12. There are continuing deep differences especially over the issues of the election of bishops in same-gender unions, Rites of Blessing for same-sex unions, and on cross-border interventions. The moratoria, requested by the Windsor Report and reaffirmed by the majority of bishops at the Lambeth Conference, were much discussed. If a way forward is to be found and mutual trust to be re-established, it is imperative that further aggravation and acts which cause offence, misunderstanding or hostility cease. While we are aware of the depth of conscientious conviction involved, the position of the Communion defined by the Lambeth 1998 Resolution 1.10 in its entirety remains, and gracious restraint on all three fronts is urgently needed to open the way for transforming conversation.

Once again, Lambeth 1998 1.10 is affirmed. That's good. Will it make a difference, say, at GC 2009?

13. This conversation will include continuing the Listening Process[9], and the "Bible in the Church" Project. It is urgent that we as primates, with the rest of the Communion, directly study the scriptures and explore the subject of human sexuality together in order to help us find a common understanding.

Goes without saying, really!

14. The Windsor Continuation Group Report examines in Section H the question of parallel jurisdictions, particularly as raised by the Common Cause Partnership, a coalition of seven different organisations[10] which have significantly differing relationships with the Anglican Communion. The Report identifies some of the difficulties in recognising the coalition among the Provinces of the Anglican Communion. Significant concerns were raised in the conversation about the possibility of parallel jurisdictions. There is no consensus among us about how this new entity should be regarded, but we are unanimous in supporting the recommendation in paragraph 101 of the Windsor Continuation Group Report[11]. Therefore, we request the Archbishop of Canterbury to initiate a professionally mediated conversation which engages all parties at the earliest opportunity. We commit ourselves to support these processes and to participate as appropriate. We earnestly desire reconciliation with these dear sisters and brothers for whom we understand membership of the Anglican Communion is profoundly important. We recognise that these processes cannot be rushed, but neither should they be postponed."

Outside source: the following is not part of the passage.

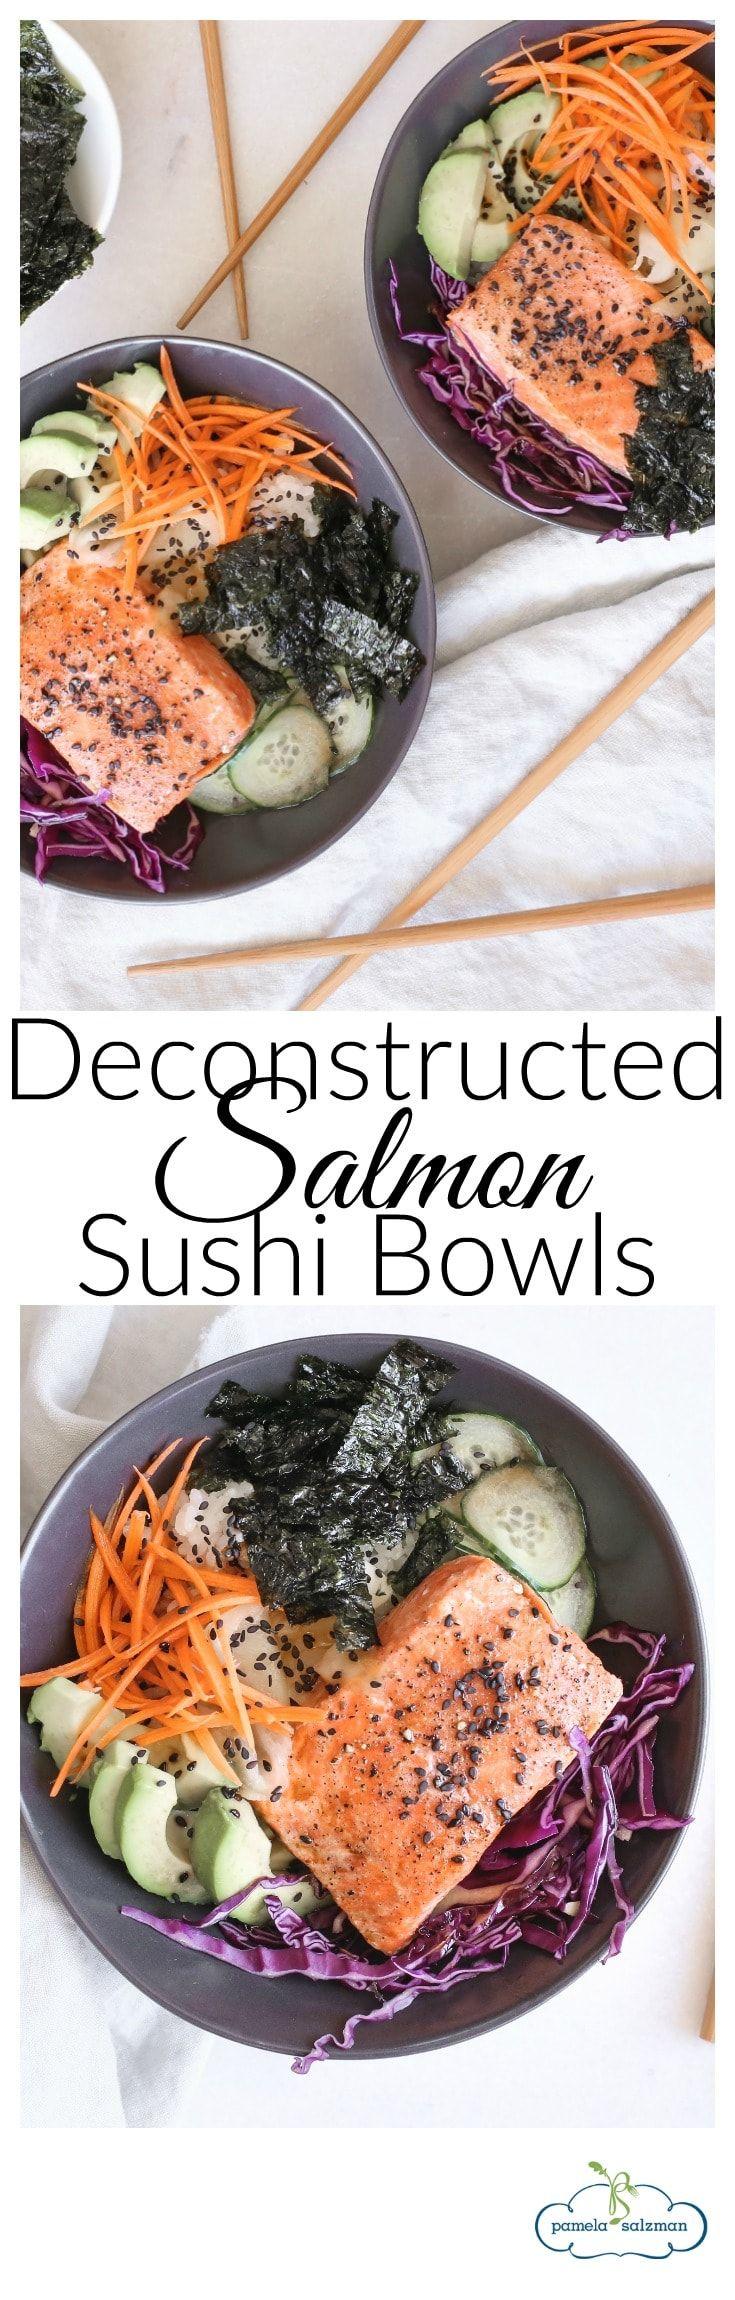 Deconstructed Salmon Sushi Bowls  Pamela Salzman
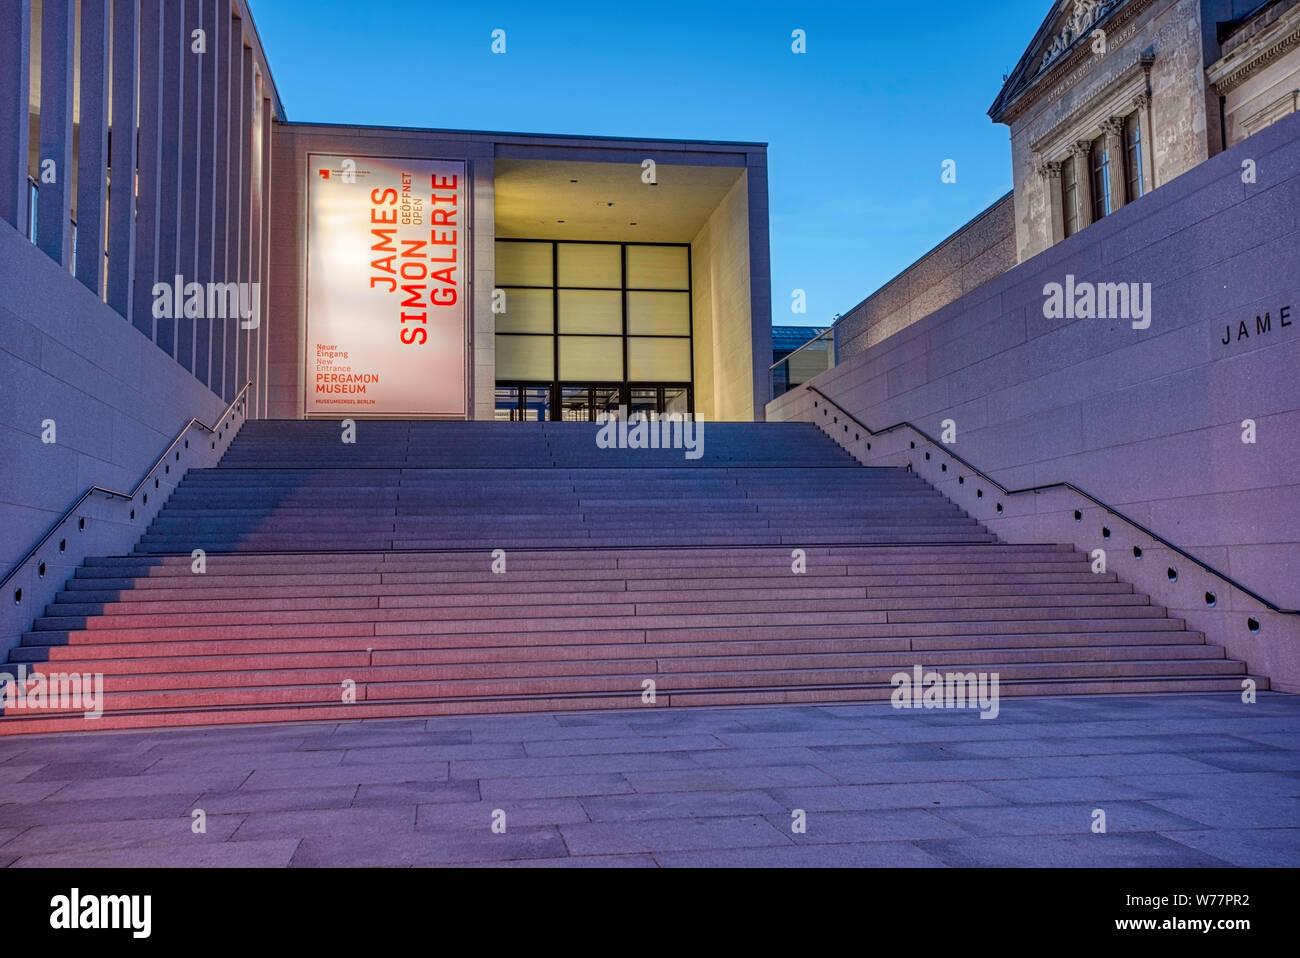 Construction Site Pergamon Museum Museum Stockfotos Und Bilder Kaufen Alamy

I suspect this will mean little to the harshest critics on the left and the right. But this is a very significant statement because it means that the whole Communion, through its Primates speaking in unanimous agreement, acknowledges and accepts the existence of the emerging parallel jurisdictions in North America and regards these as Anglican entities speaking with Anglican voices. One does not, after all, have a 'mediated conversation' with a vacuum! What kind of regard and recognition, if any at all, may be given the parallel jurisdictions remains to be seen. But this is a respectful response, unlike the constant dissing served up by the likes of Mark Harris on Preludium. And, as Christopher Seitz astutely points out in a comment [No 25] on Titus One Nine, this response has been agreed to by the likes of ++Peter Akinola: that is, those who think the parallel jurisdictions should have been granted instant recognition should reflect on the process now agreed to by the African primates.

You can probably pick that I see the Communique as a half-full glass. Reactions on Titus One Nine (the comment by Christopher Seitz noted above excepted) are that it is half-empty, if not empty! So, I remain hopeful about our future as a Communion on a journey towards ecclesial solidity, commonality in our reading of Scripture, and clarity in our understanding of mission in a world much removed from the Saxon England of Augustine and the Elizabethan England of Hooker. Yet my hope is tempered by the dark cloud of General Convention 2009, no larger than the size of a man's hand, visible above the horizon.